Several of the Congress’ participants pointed out the Church’s credibility problem arising from the sexual abuse scandals. Zenit quotes Archbishop Celli as saying, "that although these revelations have been a shock for the Pope and for the Church, as Benedict XVI himself said to journalists accompanying him on the plane to Scotland, this grave and shameful sin does not in any way call into question the vocation and mission of the Church to be at the service of man with love." He added, “that the communications crises and scandals that the Church has gone through in recent years emphasize even more the need to have means of communication with a Catholic vocation.”
According to Zenit, “The current context in which the Catholic press moves, said Archbishop Celli, is that of ‘a dictatorship of relativism, where we witness the attempt to reduce the action of the Church and of religion to a private realm, without public importance, de-legitimizing it as if it were an enemy of man, of his liberty and dignity, in this age of sad passions.’”
Moving from Challenge to Opportunity
John Thavis, of the United States Conference of Catholic Bishops' Catholic News Service, offered some strong observations to those gathered at the conference.

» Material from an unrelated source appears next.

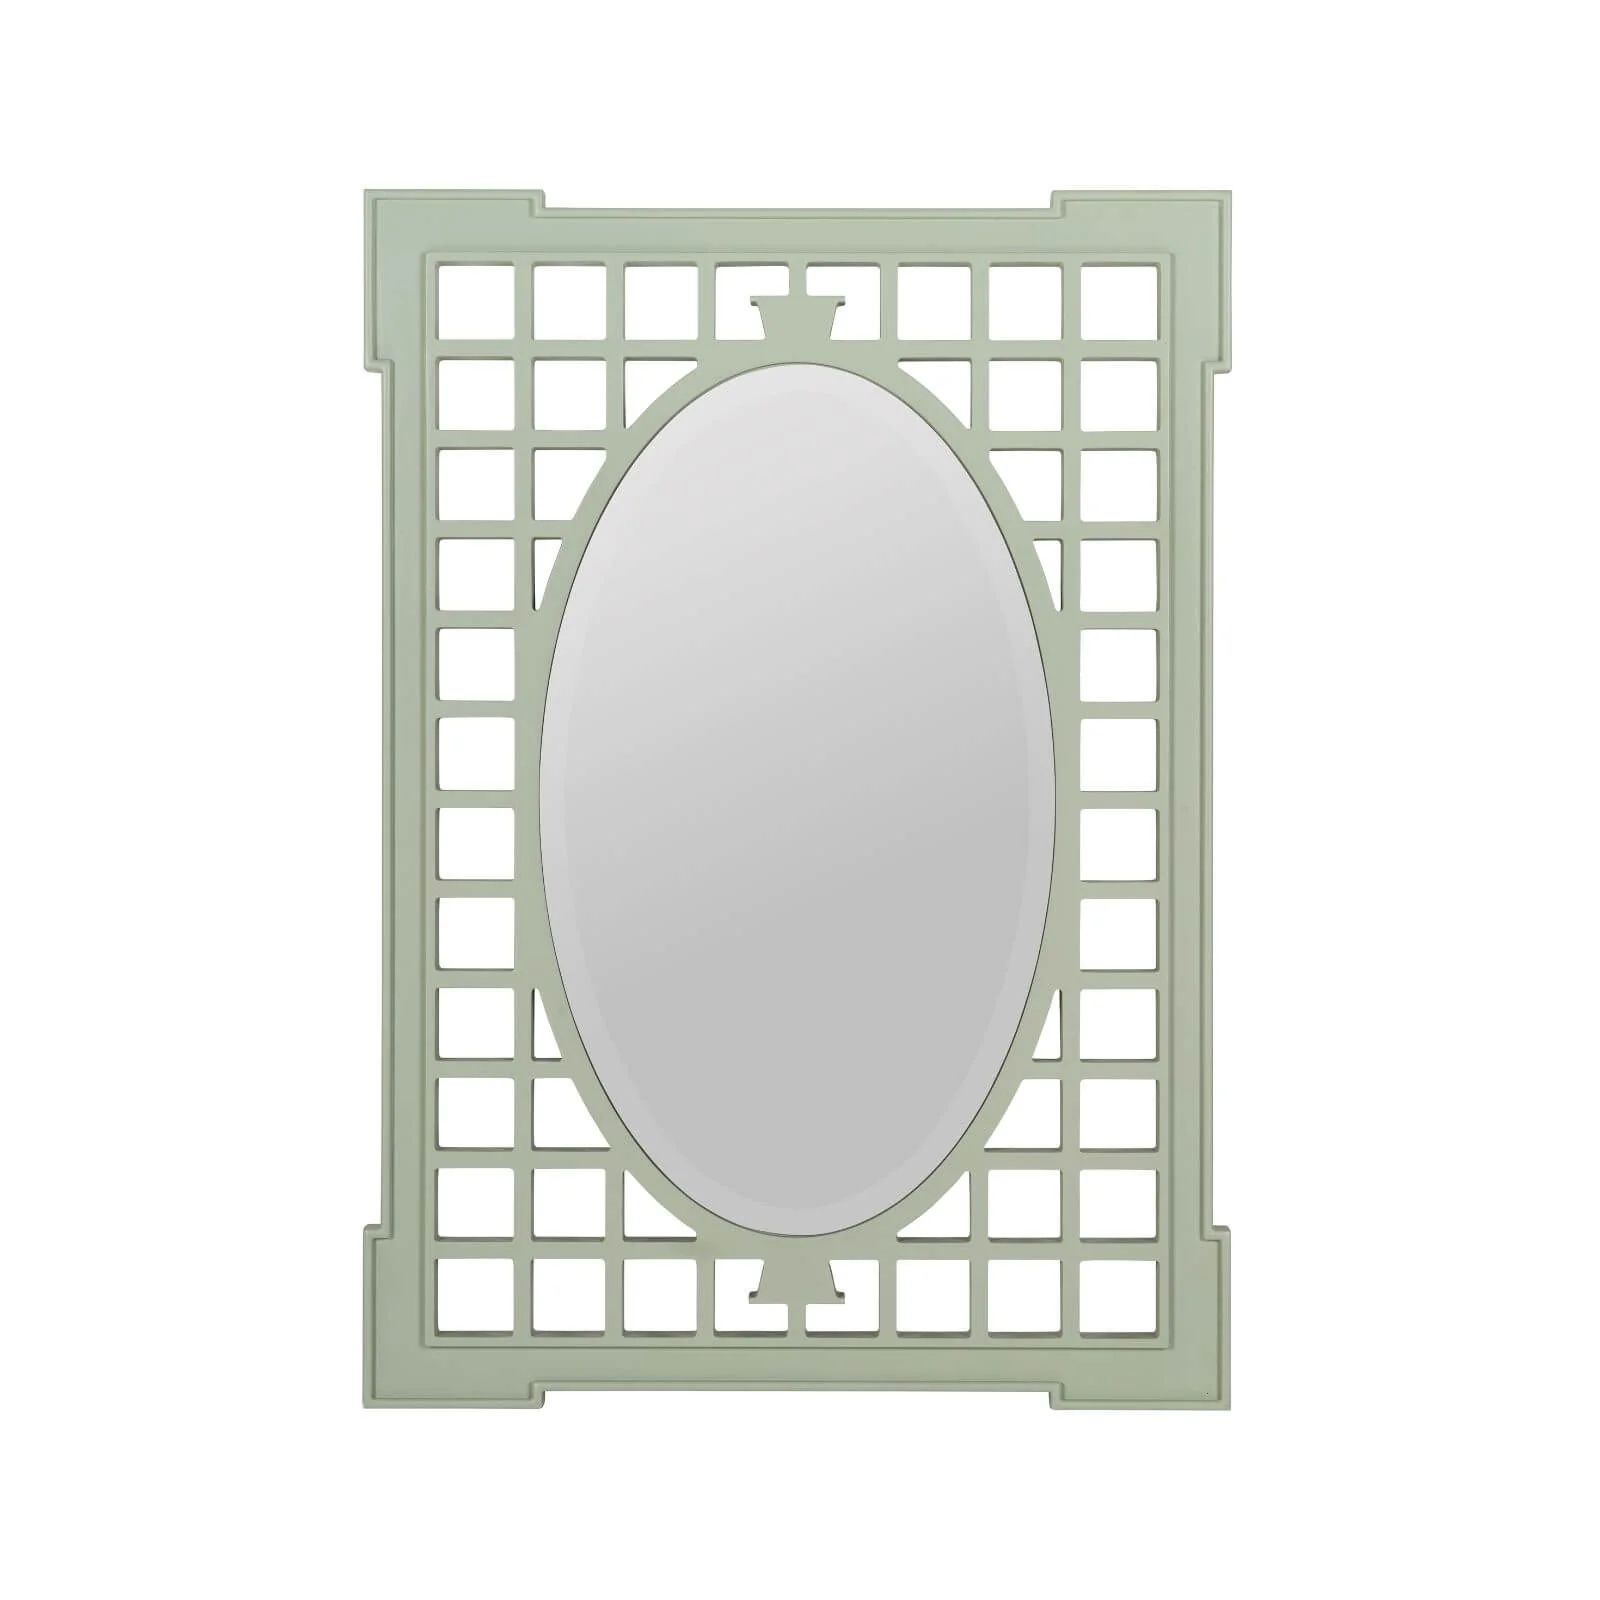 Garden Mirror in Sage | Brooke and Lou

He asked, "How well do we really communicate with the modern world, the wider world, beyond our own ecclesial borders?” For example, as the scandal erupted in Europe at the beginning of 2010 and many secular newspapers seemed to try to lay the blame at the feet of Benedict XVI, the Catholic press knew that the Pope had been ‘methodical and determined and patient’ in trying to deal with the problem since the 1990s.”
Thavis added, “What worries me is that Catholic communicators, with all their perspective, context and fairness on the sex abuse story, have not really had much impact beyond their own limited audience. We feel frustration at times over how the mainstream media treats the Church, but this frustration is often translated into a kind of closed-circuit discussion among ourselves. There's a risk of becoming too self-congratulatory," he cautioned.
It seems to me that too often Church initiatives attempt to engage the world by selling out to the secular. What has become clear to me through the series of letters in The Irish Times was that people no longer speak with a Church vocabulary, nor do they understand it. That means that Catholic journalists need to engage the world on her terms without letting go of “the pearl of great price” which is our Catholic faith. This is what the Church is asking; this is our mission--hopefully many will choose to accept it.